Une analyse critique de cette étude illustre à bien des égards la difficulté présentée par l’analyse de toutes les dimensions de la transition alimentaire et comment une restriction de la portée de la recherche affecte le message envoyé aux décideurs et, plus largement, au public.
Une des justifications avancées par les membres de l’équipe de chercheurs pour l’étude est que les résultats d’études antérieures sur le remplacement de l’agriculture conventionnelle par une production biologique étaient mitigés, en dépit des affirmations que l’agriculture biologique émettrait moins de gaz à effet de serre (GES) par tonne de produit du fait d’une moindre utilisation d’intrants agricoles et qu’elle permettrait de stocker davantage de carbone dans le sol. Néanmoins, certaines études avaient montré plus d’émissions de GES par tonne de produit, et d’autres moins, après la conversion [voir deux exemples d’études sur ce sujet ici et ici, en anglais].
Une des originalités de cette étude est le niveau auquel elle est menée, non pas au niveau de la parcelle de culture ou de la ferme, mais au niveau d’une zone administrative, dans ce cas l’ensemble constitué par l’Angleterre et le Pays de Galles.

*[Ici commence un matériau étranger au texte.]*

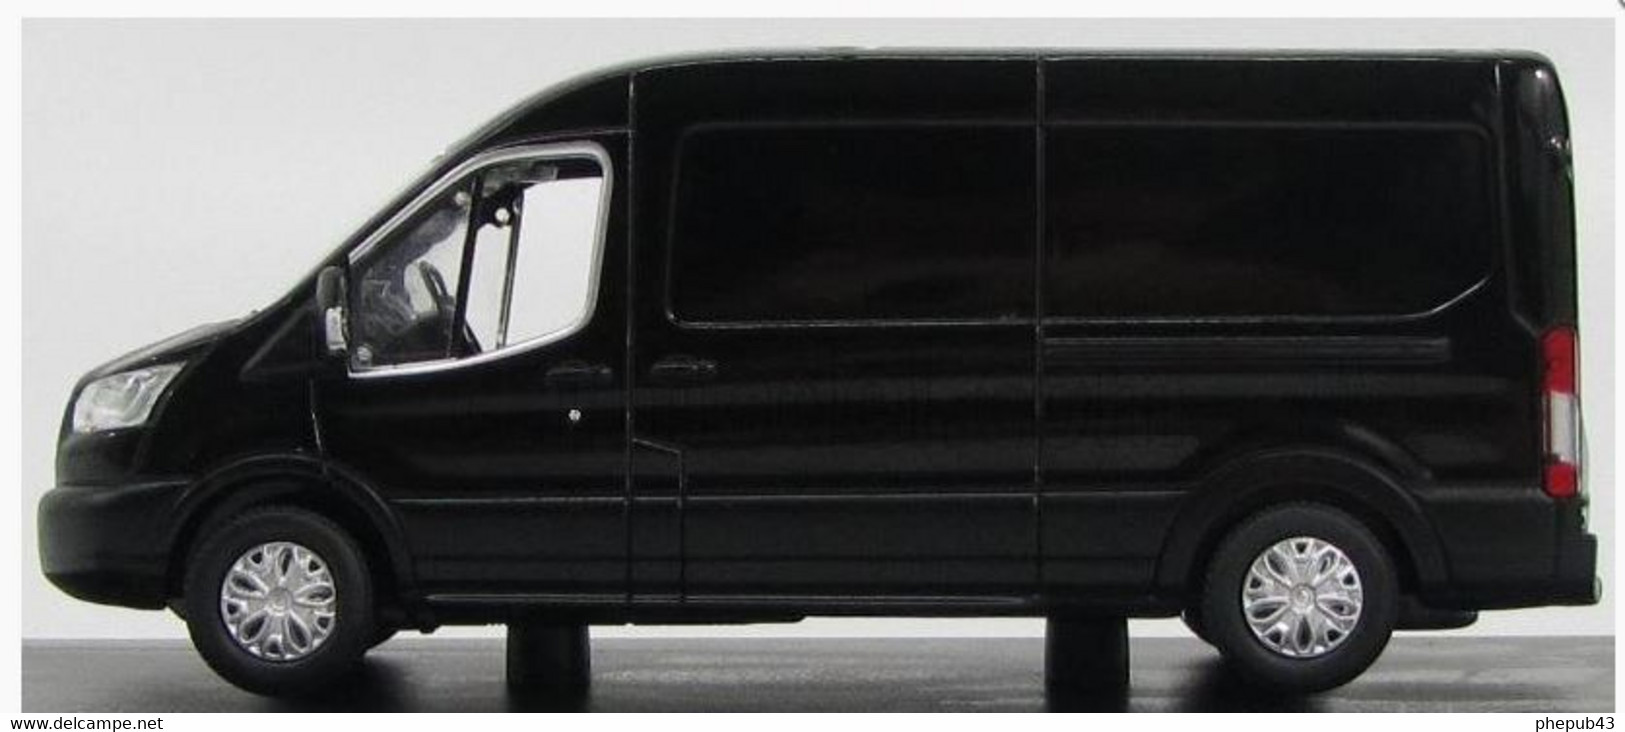 Ford Transit Van - 2015 - Black - Greenlight - Utilitarios

Les principales conclusions de l’étude
À partir de l’utilisation du modèle Agri-LCA [lire en anglais] et du modèle de programmation linéaire OLUM [lire en anglais], l’équipe des chercheurs a « prédit » (!) qu’après une conversion totale à l’agriculture biologique :
•La production totale de la zone considérée, exprimée en énergie métabolisable et en protéines diminuerait d’environ 40 % par rapport au niveau de référence de l’agriculture conventionnelle, du fait d’un rendement moindre et de la nécessité d’introduire dans la rotation de cultures de légumineuses fourragères pouvant fixer l’azote de l’air ;
•Les émissions totales de GES directement associées à des cultures biologiques seraient inférieures (moins 20 % pour les cultures, moins 4 % pour la production animale et moins 6 % au total) ;
•Pour différentes productions, les résultats seraient variés : pour certaines cultures ou productions animales, les émissions de GES diminueraient, pour d’autres elles augmenteraient ;
•Il y aurait davantage de fixation de carbone dans le sol, mais seulement pendant « la première ou la seconde décennie de la conversion, car un sol n’a qu’une capacité limitée d’accumulation du carbone » ;
•« La superficie requise pour compenser la diminution de la production de la zone représenterait presque cinq fois la superficie de terre utilisée à l’heure actuelle pour produire de la nourriture à destination de l’Angleterre et du Pays de Galles » ce qui induirait des émissions de GES plus importantes à l’étranger et accroîtrait la superficie totale requise pour nourrir la population de 50 % par rapport à la situation sous agriculture conventionnelle.
Critique de l’étude : une question mal définie et une méthode d’analyse inadaptée
L’étude offre donc des arguments apparemment très forts contre la conversion de l’agriculture conventionnelle en agriculture biologique. Ces conclusions ont été présentées de façon spectaculaire dans les médias, avec des titres comme « Une agriculture totalement biologique entraînerait une hausse des émissions de CO2 » [Express Business] ou « L’adoption de l’agriculture biologique par le Royaume Uni ‘augmenterait les émissions’ » (FarmingUK). Ainsi formulés, ces titres ne peuvent que provoquer une attitude négative de l’opinion publique par rapport au développement de l’agriculture biologique, d’autant plus que les conclusions avancées sont présentées comme résultant d’une étude scientifique rigoureuse menée par des chercheurs reconnus.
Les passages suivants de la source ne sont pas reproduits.